Real-time Deduping At Scale

by Aaron Pfeifer

At Tapjoy, analytics is core to our platform. On an average day, we're processing over 2 million messages per minute through our analytics pipeline. These messages are generated by various user events in our platform and eventually aggregated for a close-to-realtime view of the system.

For our technology stack, we use Kafka to store the messages, Spark to consume and aggregate the data, and Postgres to store the aggregates. In order to deliver the data in a timely and accurate manner, we aimed to build a system that was scalable, highly available, performant, and cost-effective.

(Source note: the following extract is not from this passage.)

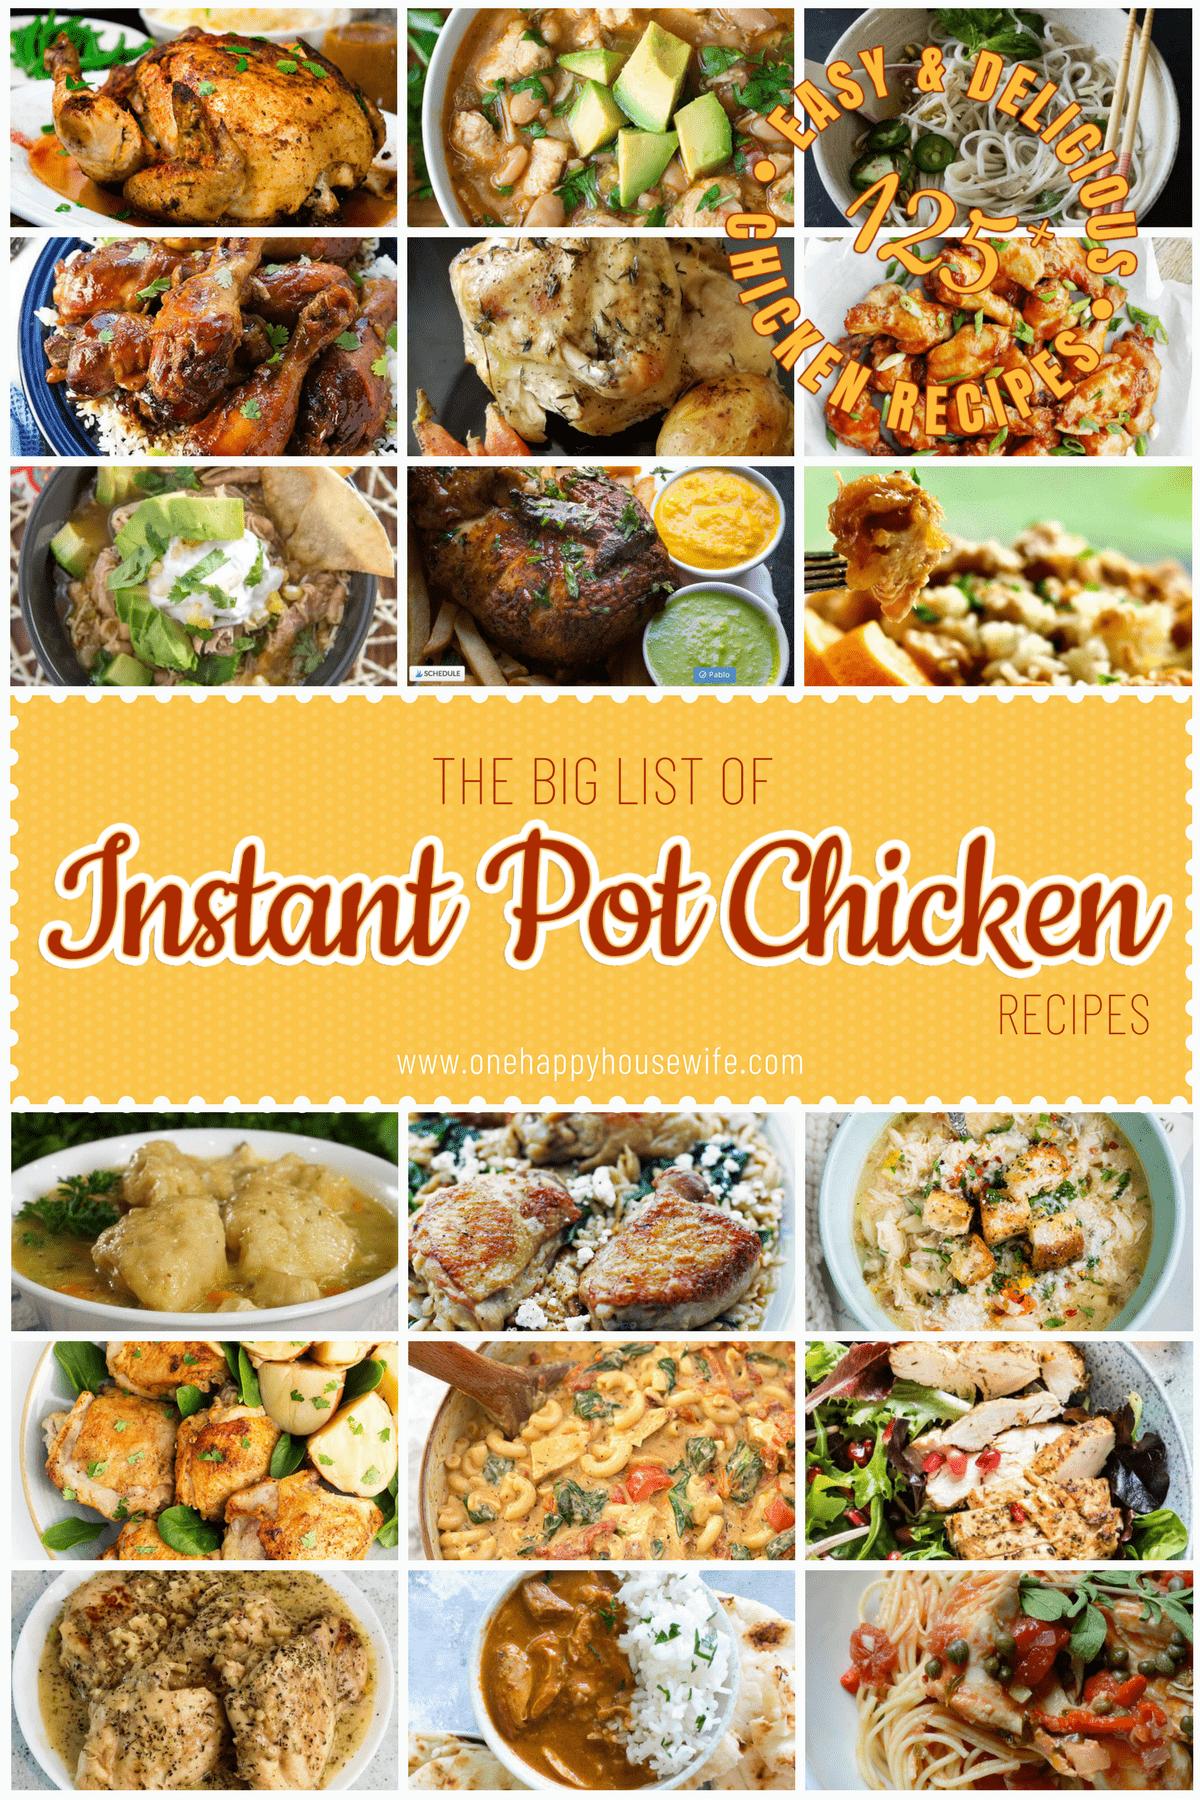 The Big List Of Instant Pot Chicken Recipes Instant Pot Dinner Recipes Easy Instant Pot Recipes Best Instant Pot Recipe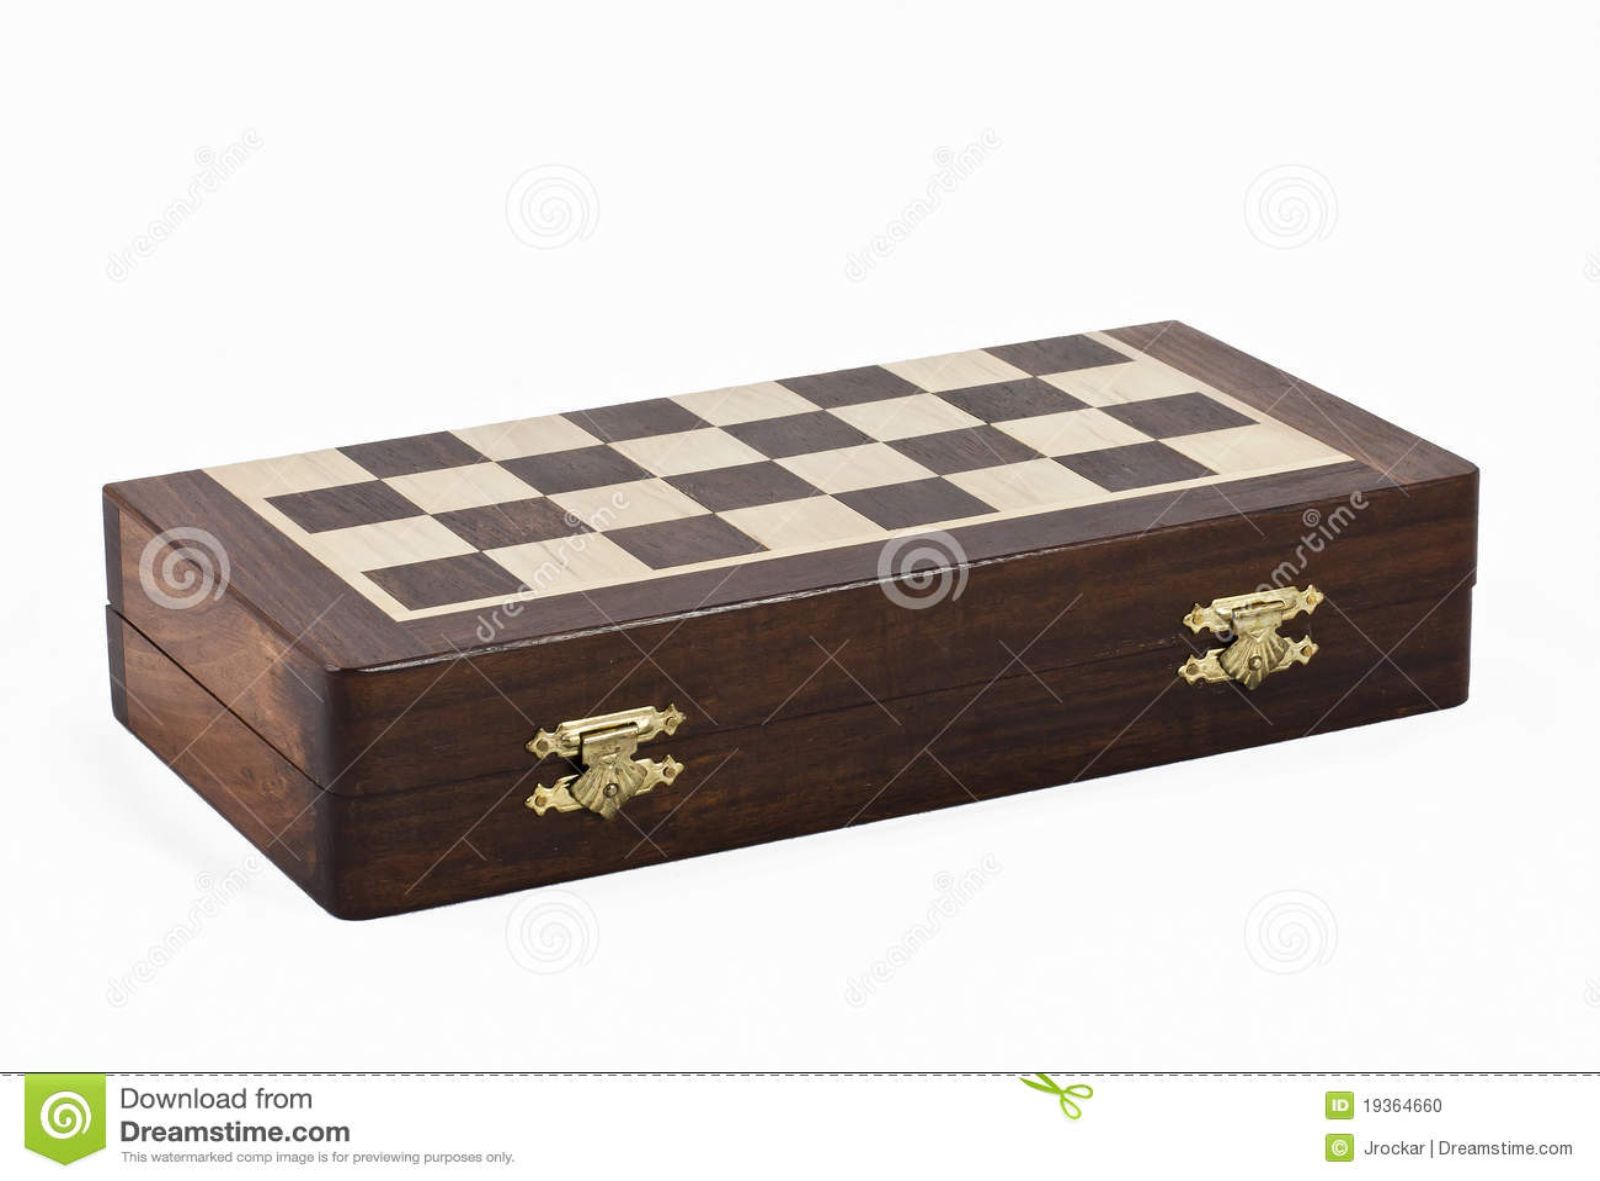 Chesboard de madeira do treaveller

In this post we look at how we handled the at-least-once semantics of our Kafka pipeline through real-time deduping in order to ensure the integrity / accuracy of the data.

The problem

Messaging systems tend to provide one of two types of delivery semantics for consumers: at-least-once and at-most-once. At-most-once semantics means messages may get lost; at-least-once semantics means messages may be duplicated. For critical systems, data loss is unacceptable. For example, if we're reporting ad conversions that our partners will use to make spend decisions then our data must be accurate.

At Tapjoy, every messaging system we use provides at-least-once delivery guarantees: SQS, RabbitMQ, Kafka, etc. However, we want to process messages exactly once in order to avoid over-reporting analytics. This poses the question: if the same message gets written to Kafka twice, how do you ensure that message is only processed once by our client application code?

This is where dedupe comes into play.

The requirements

Given the scale of the pipeline and the downstream dependence on accurate data, any dedupe solution must be:

  • Scalable - This is more or less a given -- we need to be able to scale this solution as we continue to track more analytics data or during periods of high throughput when our product goes live on a large partner.

  • Highly Available - Most of our infrastructure is designed to be highly available so we can sustain failures and keep the platform running. Given the real-time constraints of this system, we want to be able to quickly fail over to another cluster / set of servers in case, for example, an availability zone goes awry in AWS.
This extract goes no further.